Required work:
Find the line below with "Glossy USB Flash Drive Mockup 80809 TIF" and the line with "Modern Warfare (2019)". Output them and the lines between, exactly, but not the pictures.

Material supplied:

[Start of section]

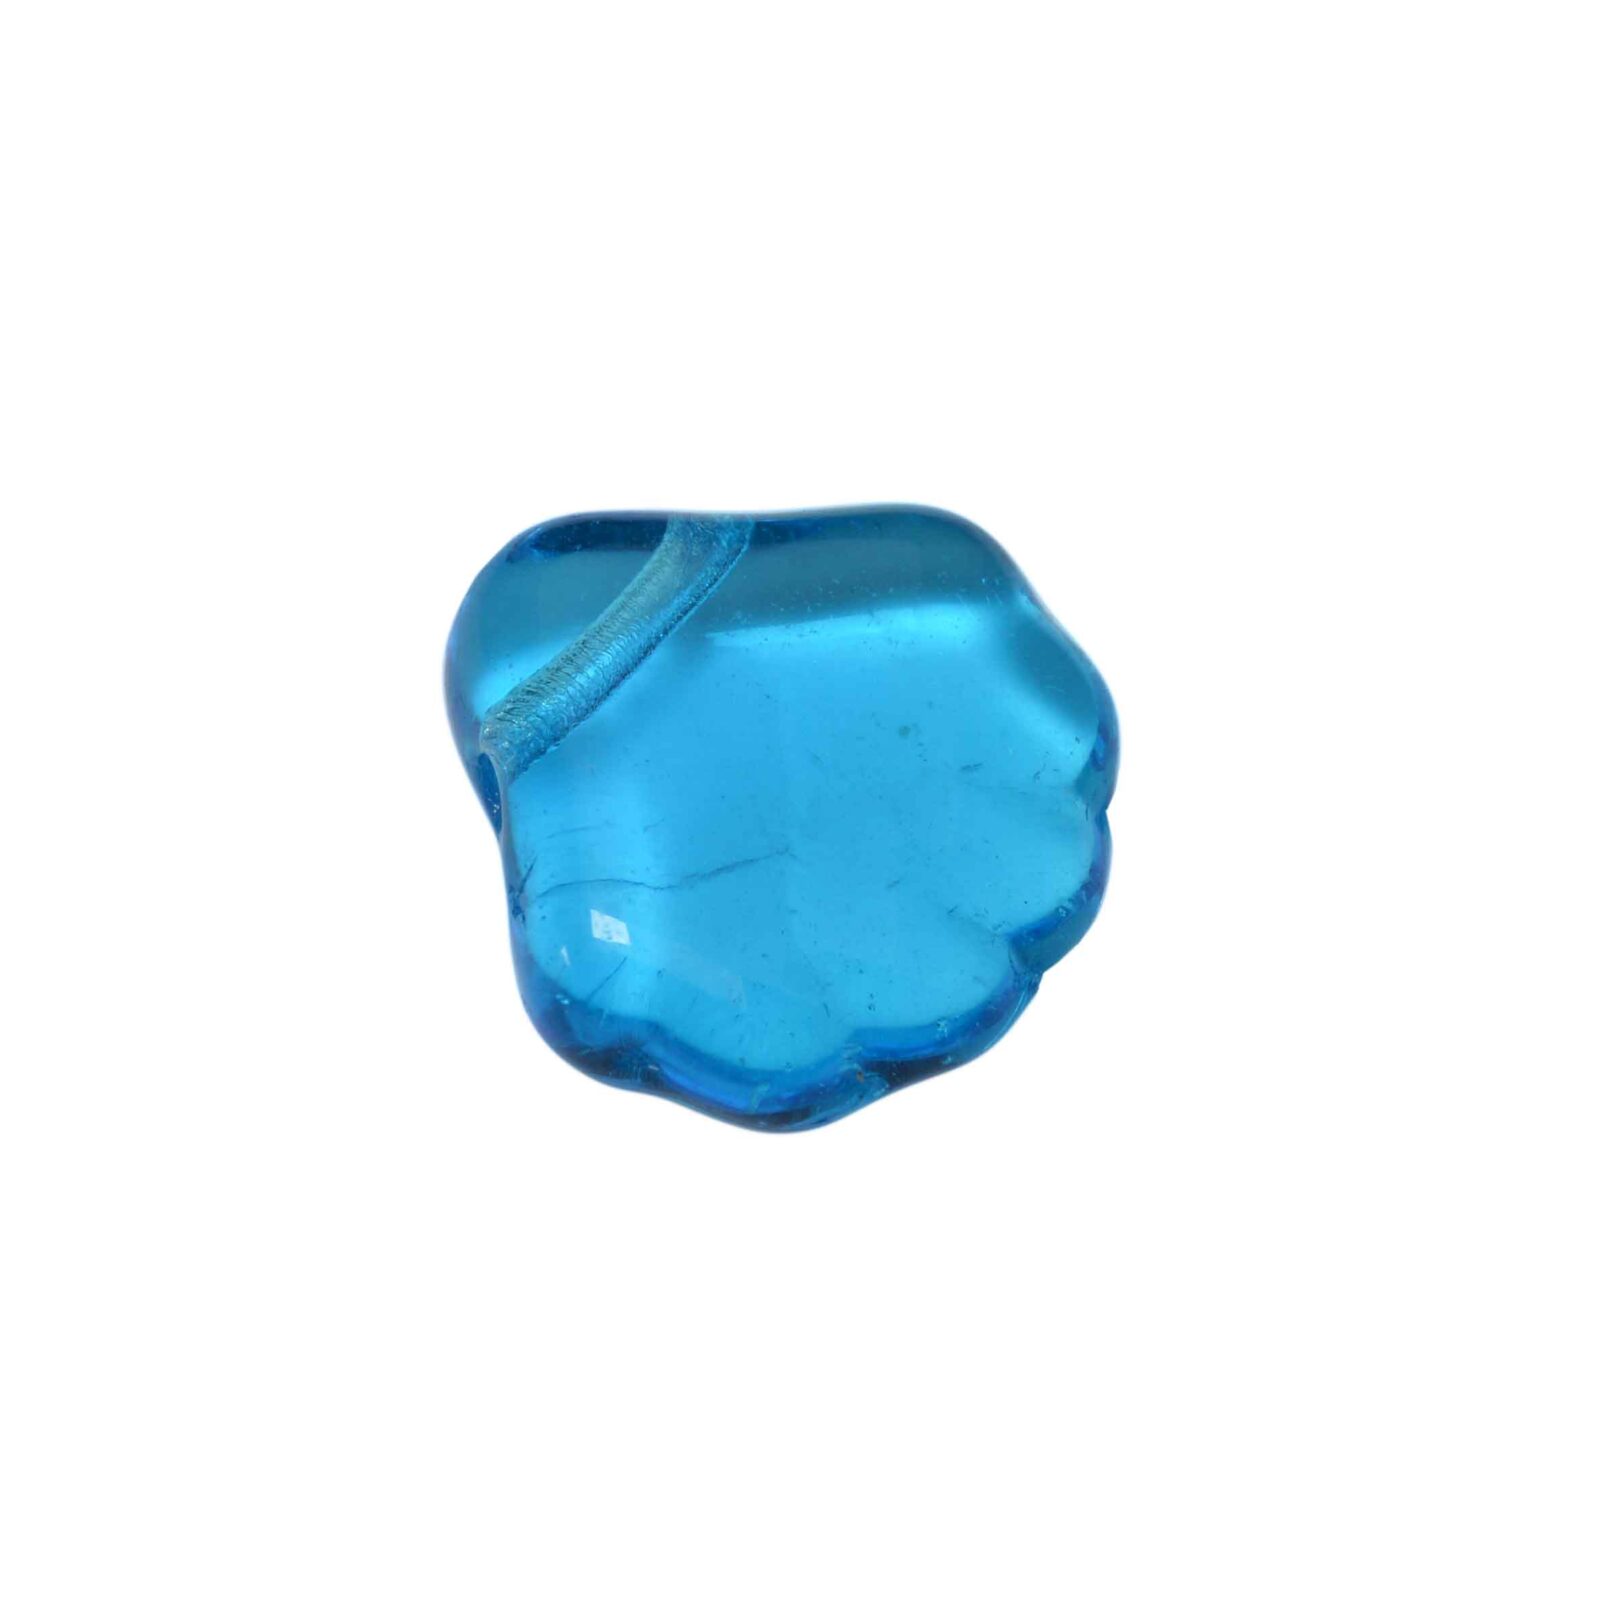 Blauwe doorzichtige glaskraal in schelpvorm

[End of section]
[Start of section]

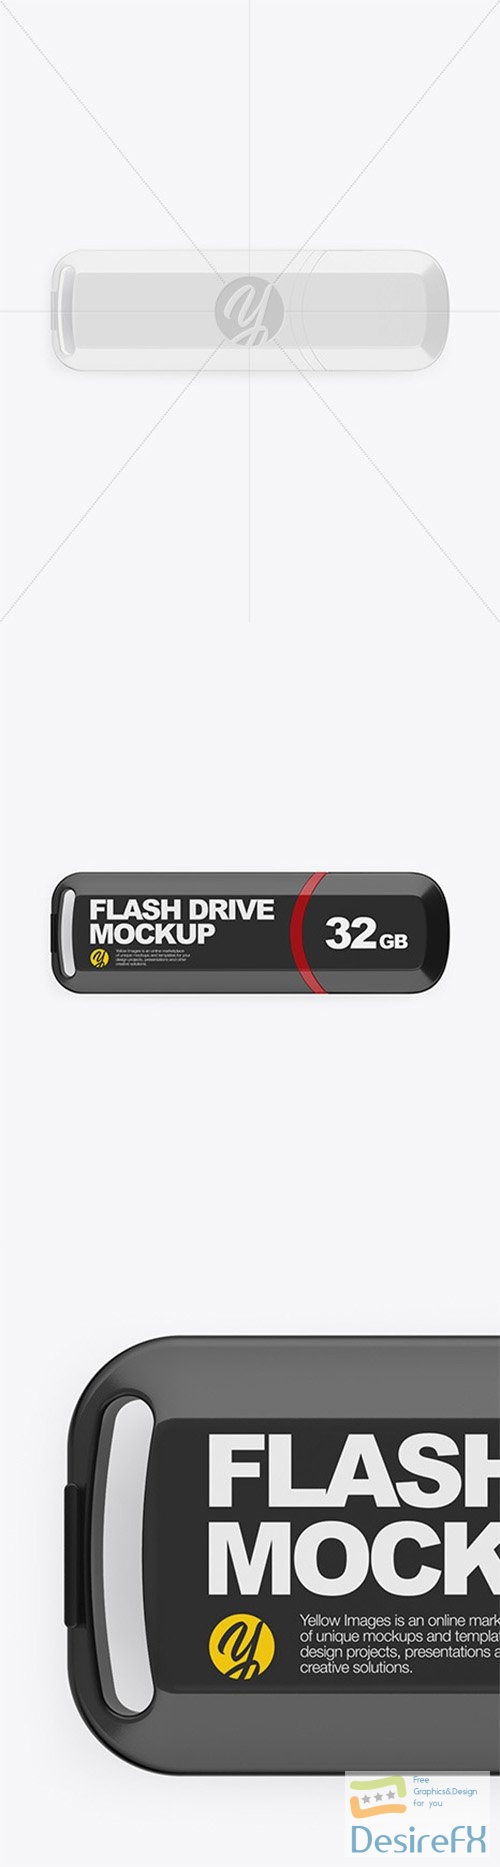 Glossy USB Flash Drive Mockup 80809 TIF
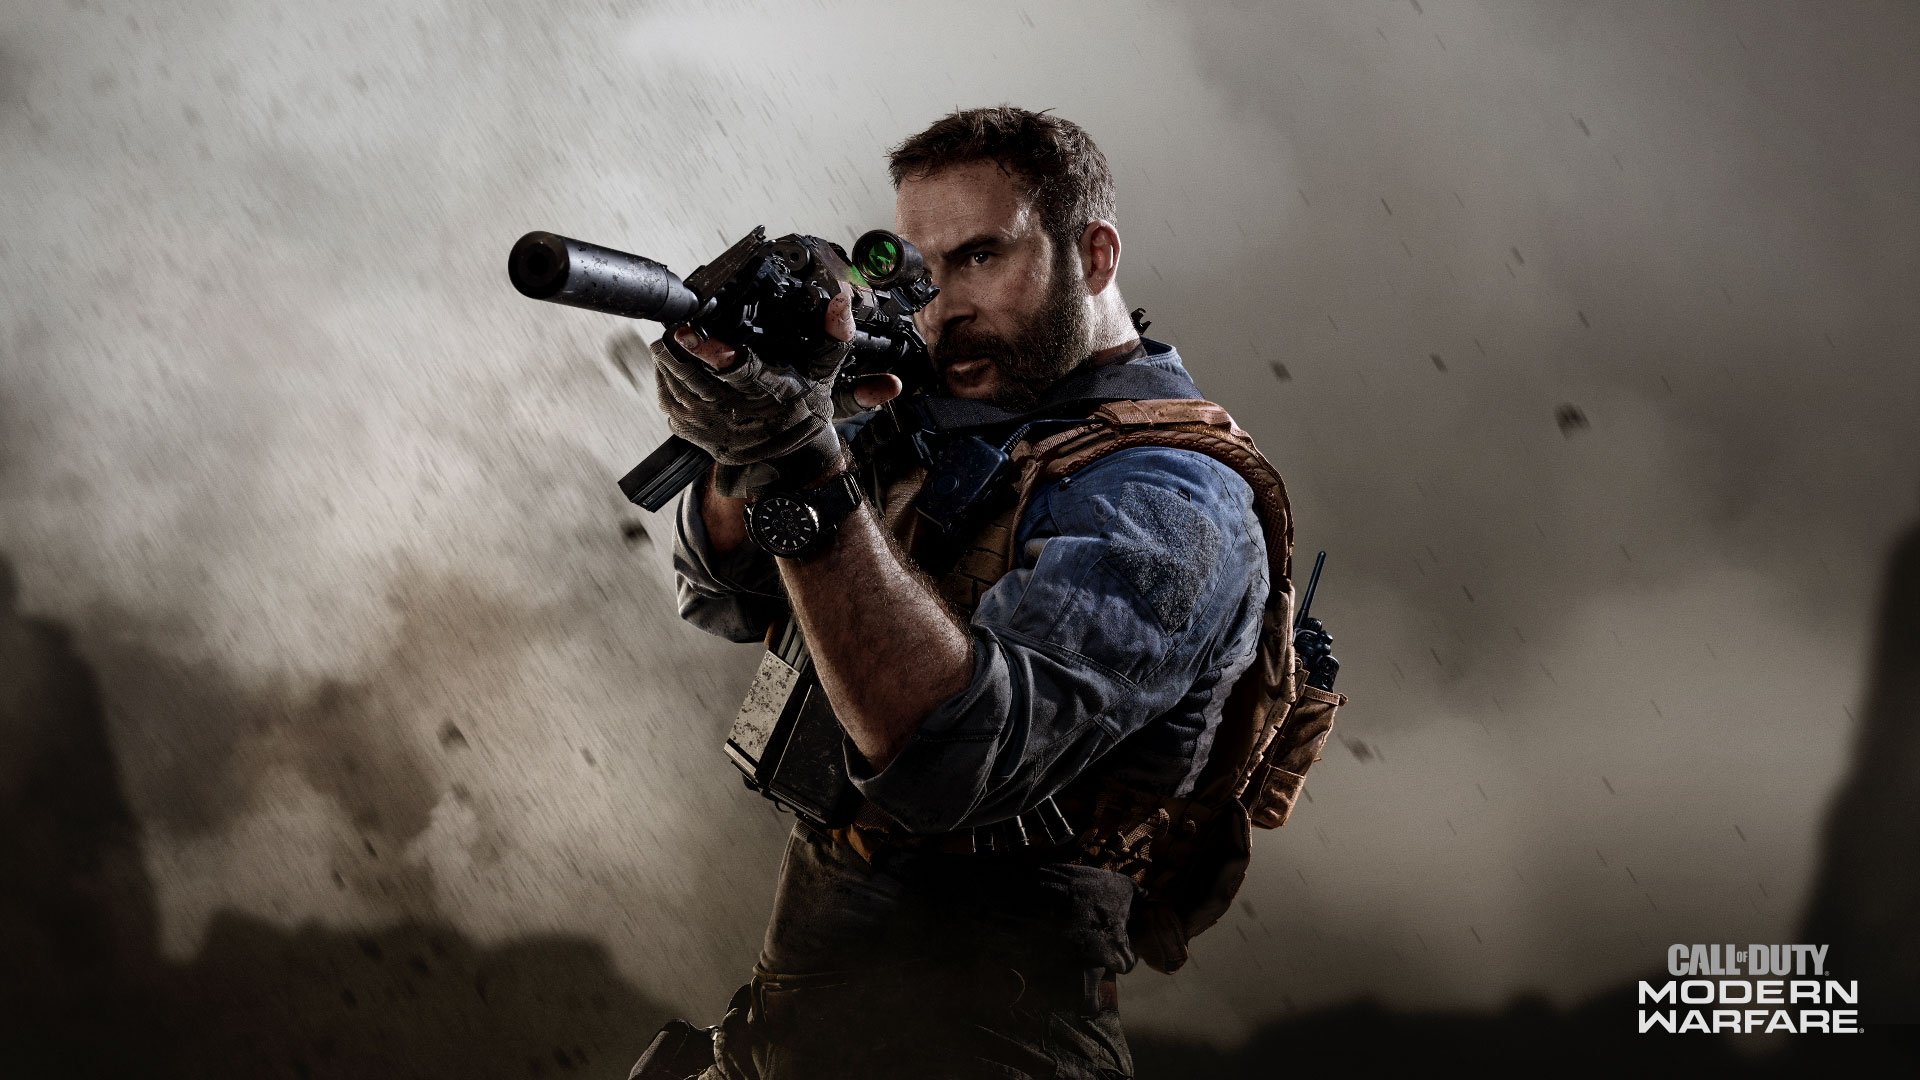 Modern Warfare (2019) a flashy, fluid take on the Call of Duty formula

[End of section]
[Start of section]

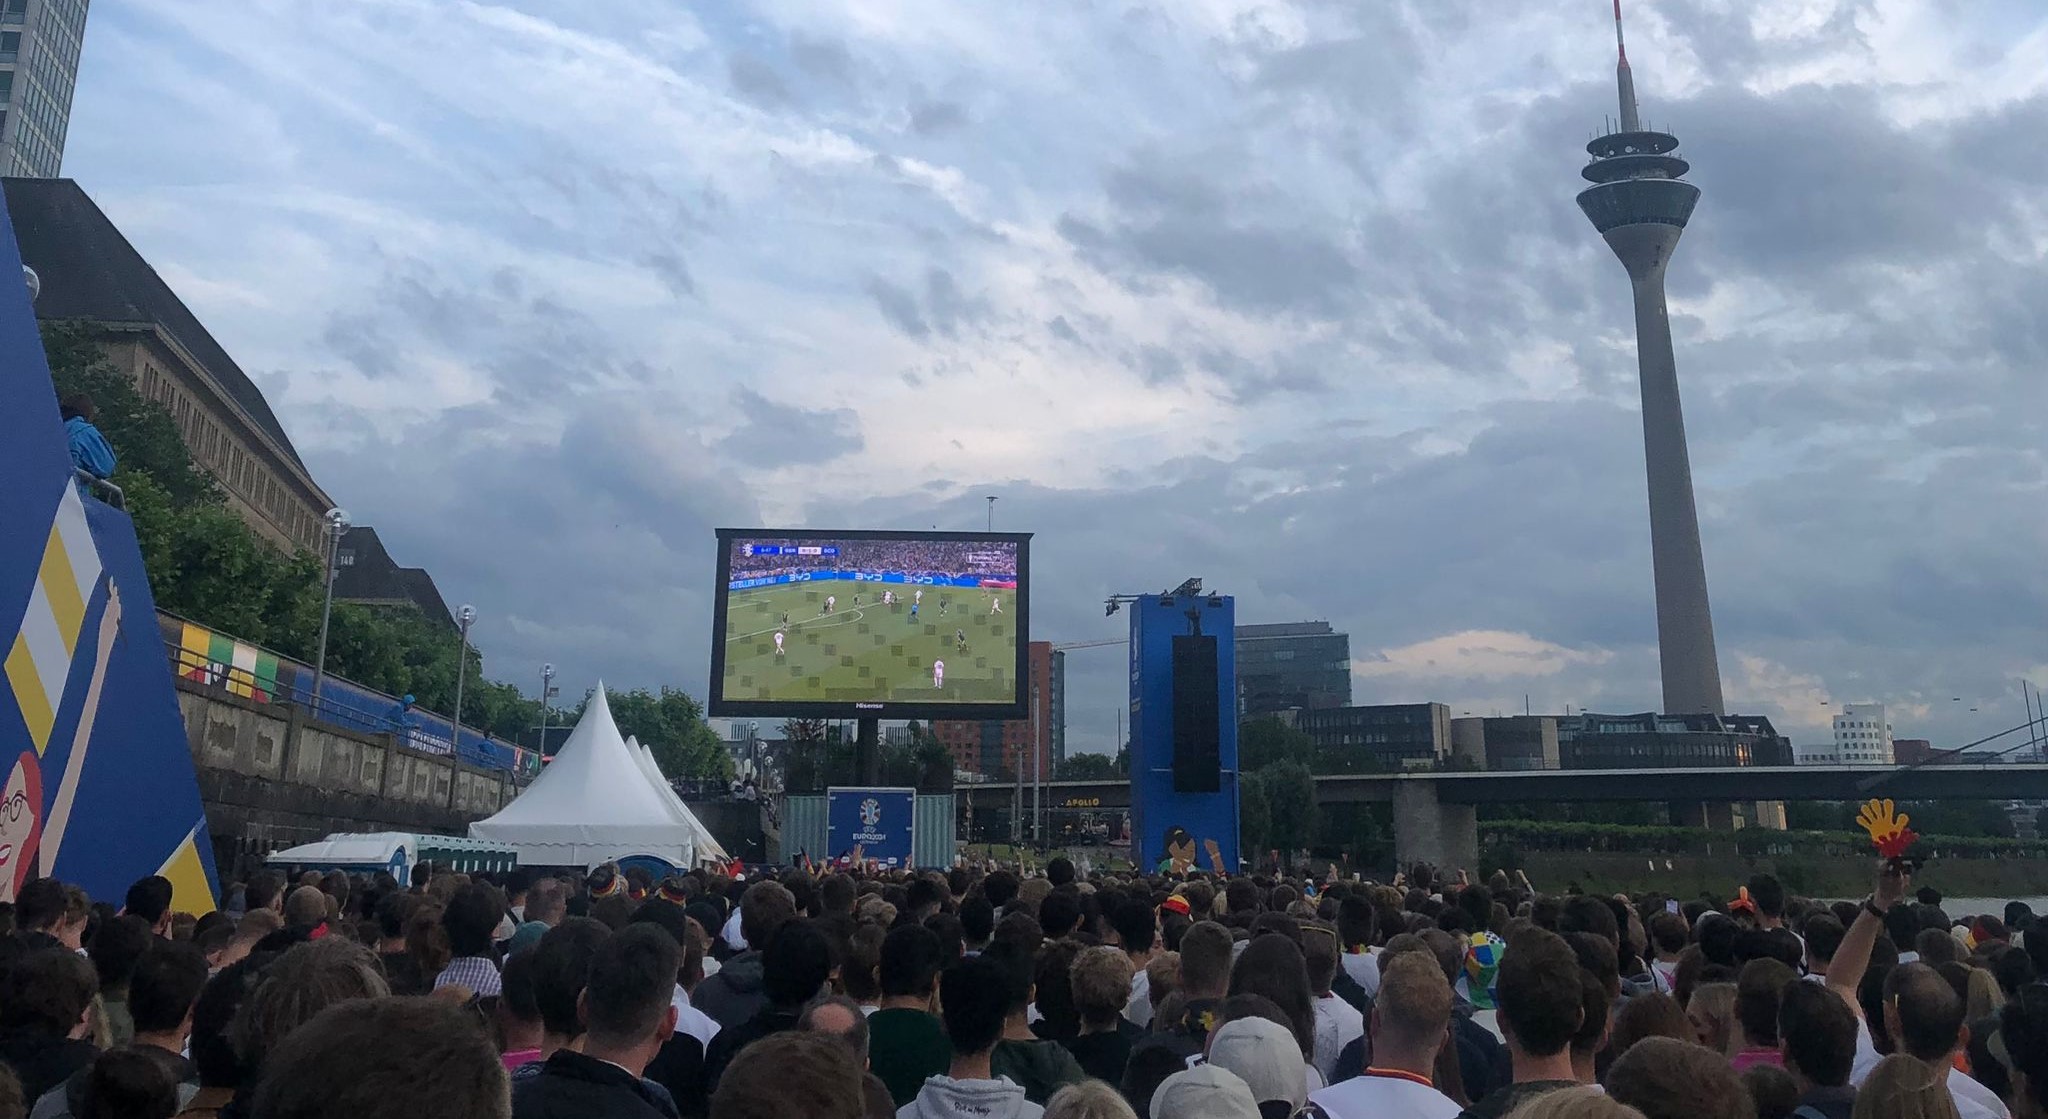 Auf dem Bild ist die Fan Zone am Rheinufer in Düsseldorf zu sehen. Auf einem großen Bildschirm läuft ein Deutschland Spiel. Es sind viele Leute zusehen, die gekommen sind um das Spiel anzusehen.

[End of section]

Output of the task:
 Glossy USB Flash Drive Mockup 80809 TIF
 Modern Warfare (2019) a flashy, fluid take on the Call of Duty formula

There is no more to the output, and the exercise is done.